Summary: Frigga does not approve of Loki’s language and makes him apologize to Natasha for his Shakespearean insults.
Author’s Note: As usual, a heaping order of crack for the kink meme.



The Q Word

“Mother, please,” Loki complained, though rather indulgently.

“I’m just so glad to see you looking like yourself again,” Frigga said, never removing her fingers from his hair.

“Keep that up and I’ll look like a dishevelled cave man. Hardly better than a short-shorn prisoner, if you ask me.”

“I’ll put it to rights again, don’t you worry. Let a mother play with her baby.”

Loki tried (not very hard) to hide his smile and happy blush, and leaned into her touch. They walked in the gardens, cuddling and making small talk, until they retreated to Frigga’s airy, sunlit sitting room for lunch, which Loki devoured like he hadn’t had anything so scrumptuous in years (he hadn’t). Then, though, Frigga got out the ink and parchment. Time to get back to business.

Loki groaned, sagging further into the couch - the first cushioned chair he had sat in in years! - and looked as pitiful as he could. And with eyes like his, that was pitiful indeed.

“Don’t be like that, darling. Just this one last, small thing and we can leave all of this behind us for good.”

“Did I voice a protest? I’ve said nothing. I’m all yours. Strike me your fiercest blow.” He sat up straight, clasped his hands in front of him, and looked eager.

Frigga patted his cheek.

“The warriors you faced off against, the ‘avengers’. What were their names?”

Loki listed them.

“And for what do you owe each of them weregild?”
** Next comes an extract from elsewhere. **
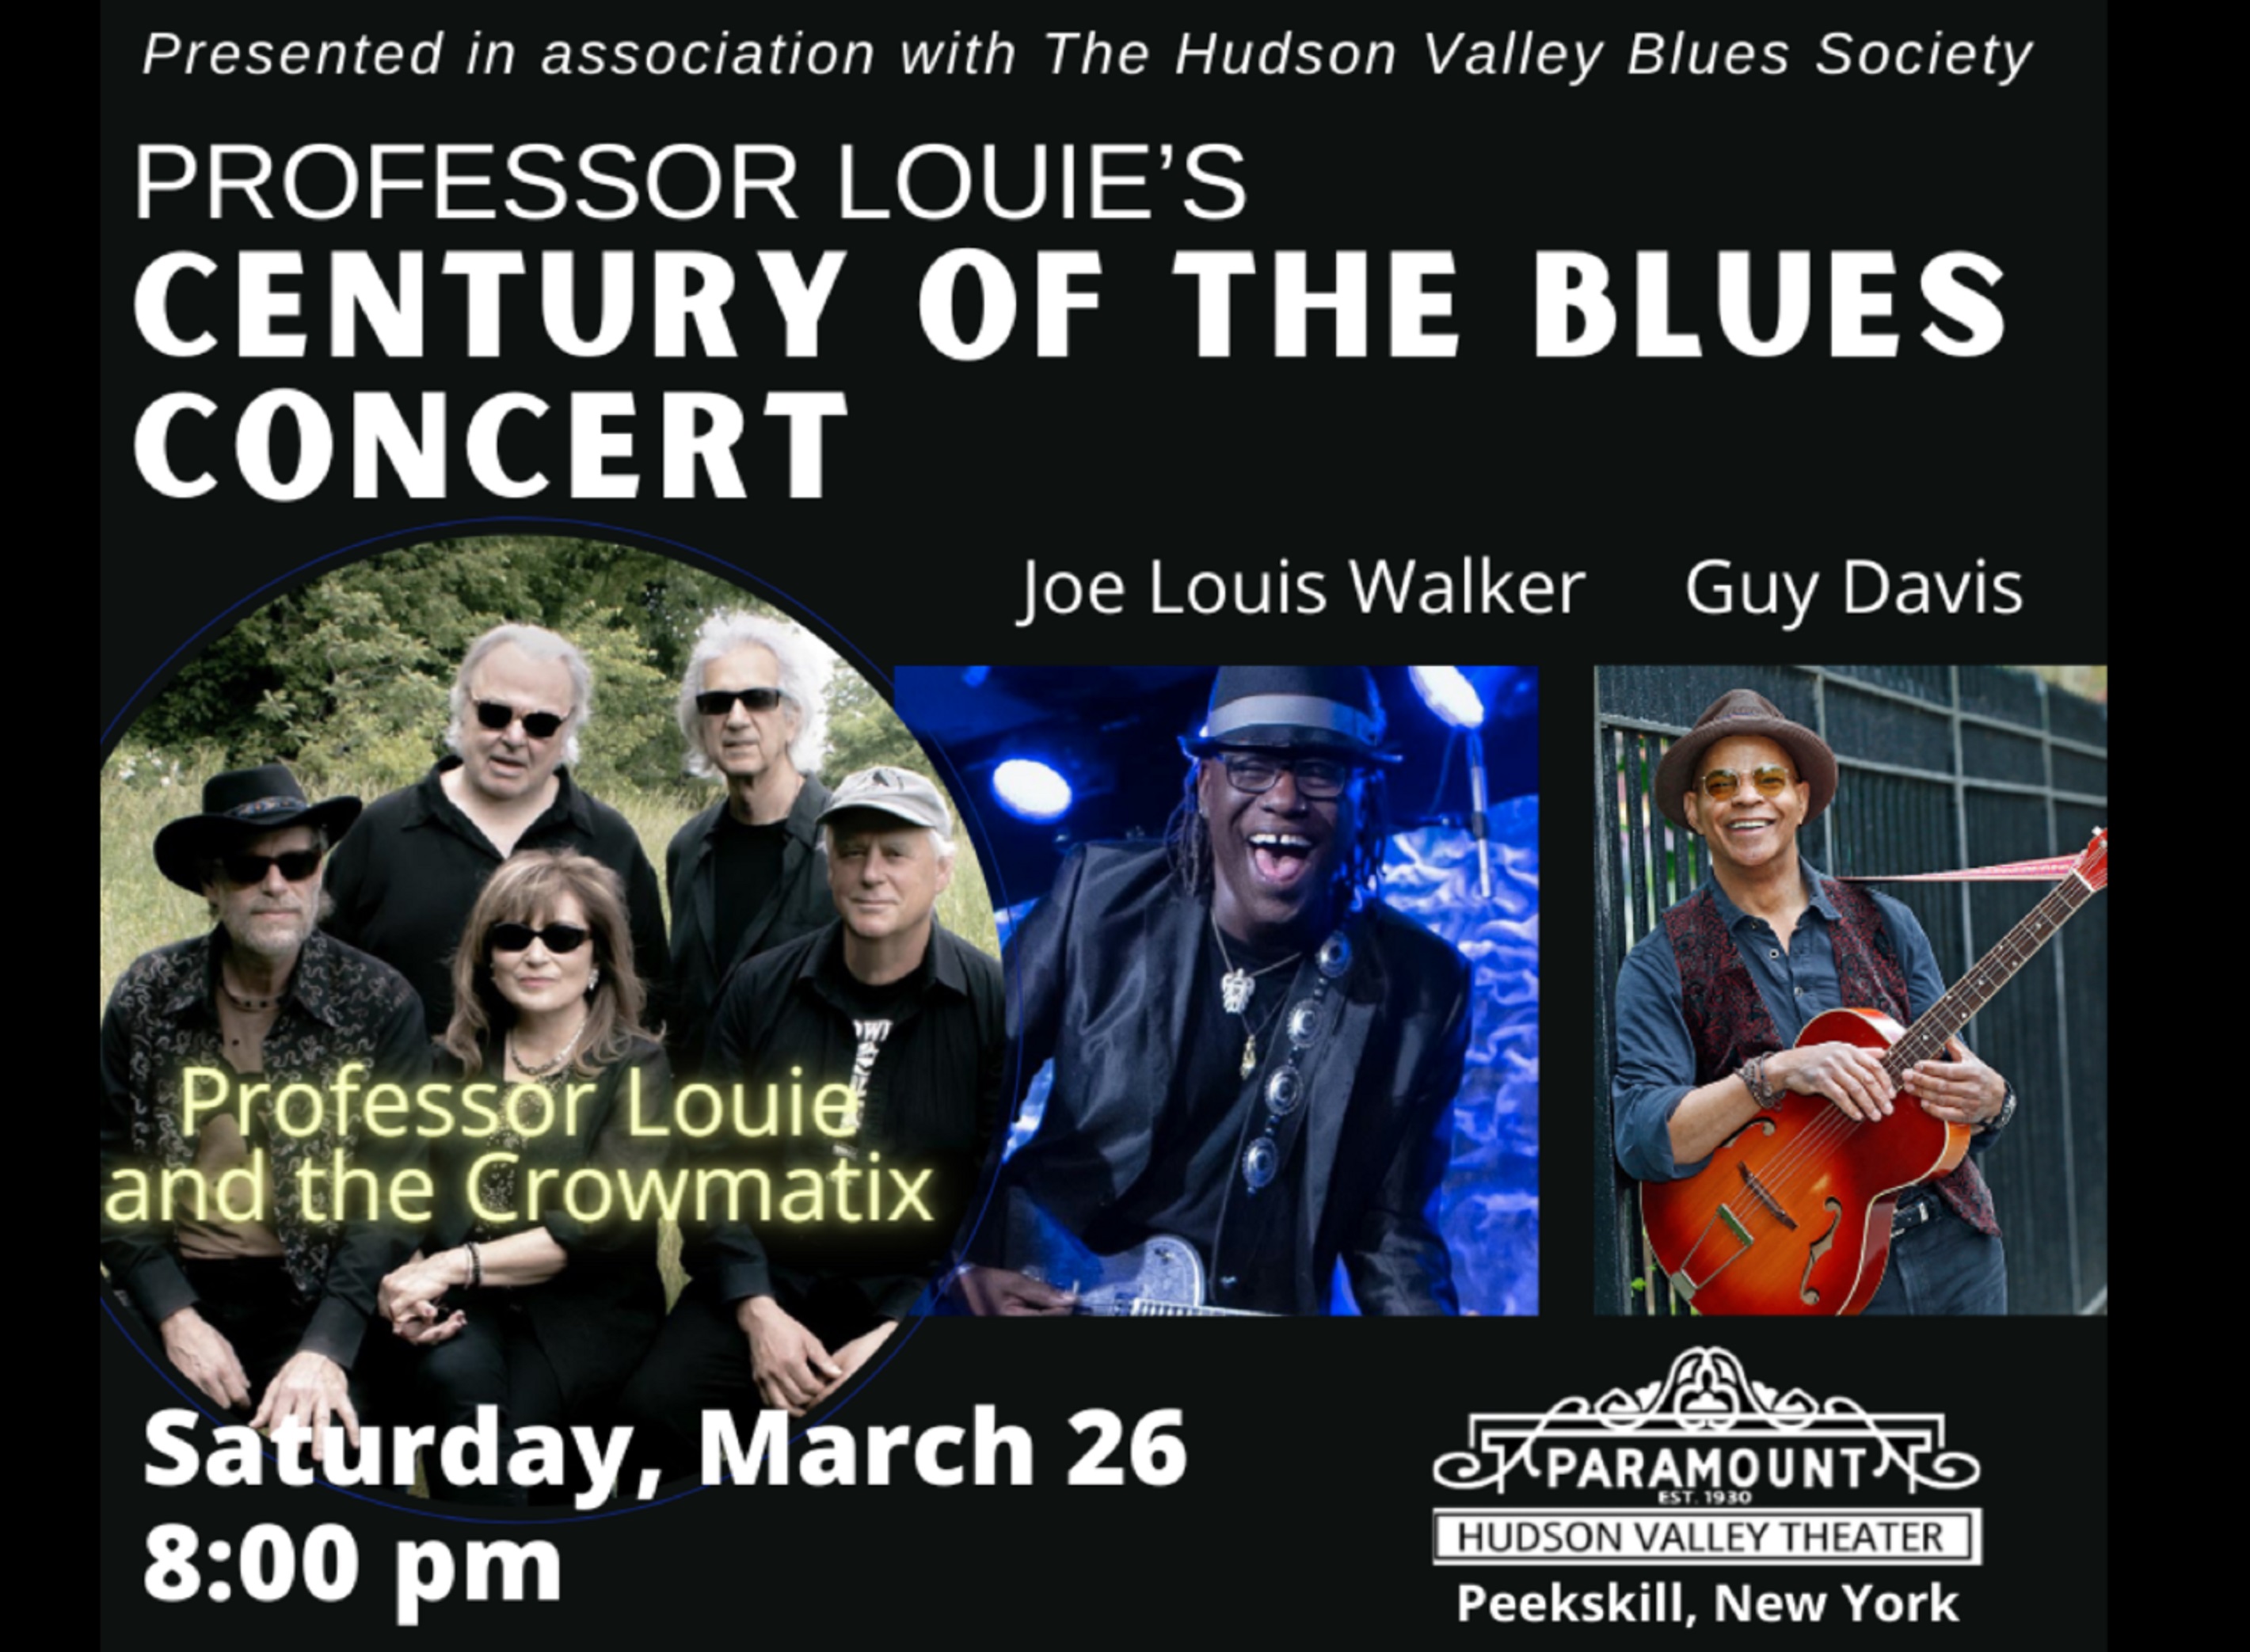 Professor Louie’s Century of The Blues Concert ft. Guy Davis and Joe Louis Walker Saturday, March 26th 8:00 PM Paramount Hudson Valley

Because Loki was a prince of Asgard, the bulk of the blood money owed to the people of Midgard had, naturally, come out of the royal treasury. To not discourage him taking personal responsibility for his actions too much, however, it had been agreed that he would pay the weregild for the warriors he had antagonized on a personal level from his own vault.

Loki estimated that it would cost him all of the loot from his last dragon’s lair and most of the reward for tracking down that elvish pirate ring not long before Thor’s failed coronation. He could live with that. He just wished that he wouldn’t have to recount his every offense to determine the exact amount. Out loud. To his mother. The part of him that was ashamed of his actions had grown alarmingly during the years he had spent ‘banished’ to the dungeons (as opposed to thrown out of the Realm Eternal entirely, because look how well that turned out the last time) as punishment for his actions in Asgard.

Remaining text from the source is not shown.